The trajectory of Mr. Collins's time at Metrolinx is illustrative of the growing importance of transit under the current provincial government. Premier Kathleen Wynne is a former minister of transportation and has continued to champion infrastructure investment since leading the Liberals to a majority government last year.

The centrepiece of the Grits' transportation plan is the electrification of GO rail corridors, adding faster and more frequent service. This is also key to Toronto Mayor John Tory's transit plan, which entails a more local variant on GO service, with trains making additional stops and some form of connection to the airport area.

Ramping up GO into what the province calls a Regional Express Rail service will take years, making Metrolinx officials keenly aware of the need to keep showing that other projects are moving ahead. Among the most visible is the Eglinton Crosstown light-rail line, for which a $9.1-billion contract for the remainder of its construction and a generation of maintenance was recently announced.

But Mr. Collins pointed also to a much smaller project for dedicated bus lanes in York Region as evidence against the regular local criticism that the transit file is all talk and no progress. And he predicted that transit-building will gain a self-sustaining momentum as people see projects come online and realize the benefits they can bring.
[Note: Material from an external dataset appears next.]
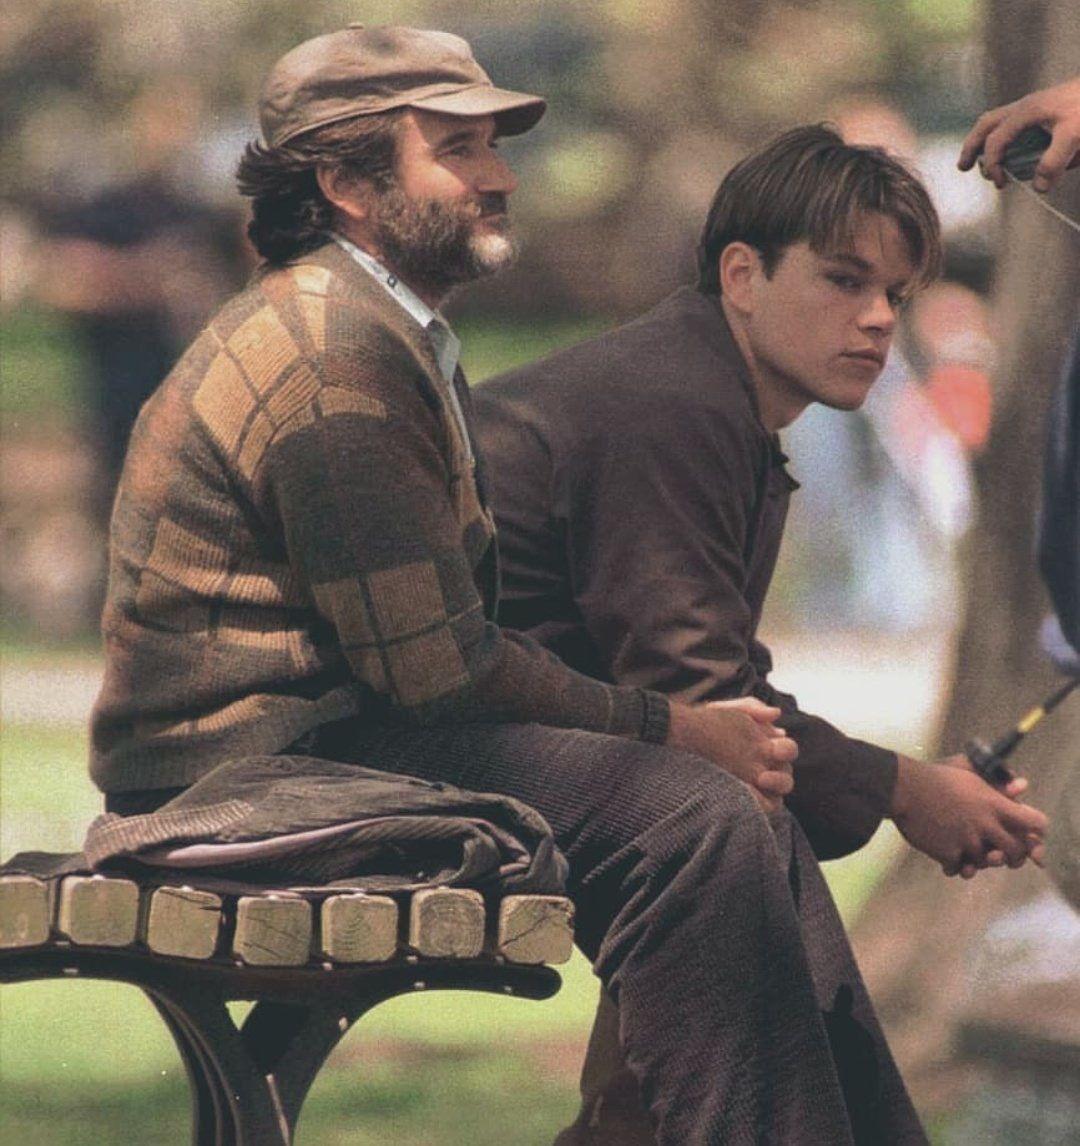 Matt Damon And Robin Williams On Set Of Good Will Hunting Good Will Hunting Matt Damon Robin Williams

Mr. Collins began his career at Environment Canada, assessing marine projects, but soon made the switch to transit. He spent time in Hamilton, Vancouver and Detroit before starting a 10-year stretch of work on U.S. light-rail projects. That was followed by 11 years with a transportation authority in San Jose, Calif. He joined Metrolinx late last decade and took on a series of senior roles. He had an unusually public profile for a senior bureaucrat, his affability leading Metrolinx to feature him in ads extolling the benefits of their plans. And local railfans who turned out to watch the middle-of-the-night lift over the Allen Expressway of two tunnel boring machines might have seen him there as well. He had pitched attendance at the event to his wife, he admitted, as a date night.

"First she said yes to the date," he recalled, "then I told her what the date was."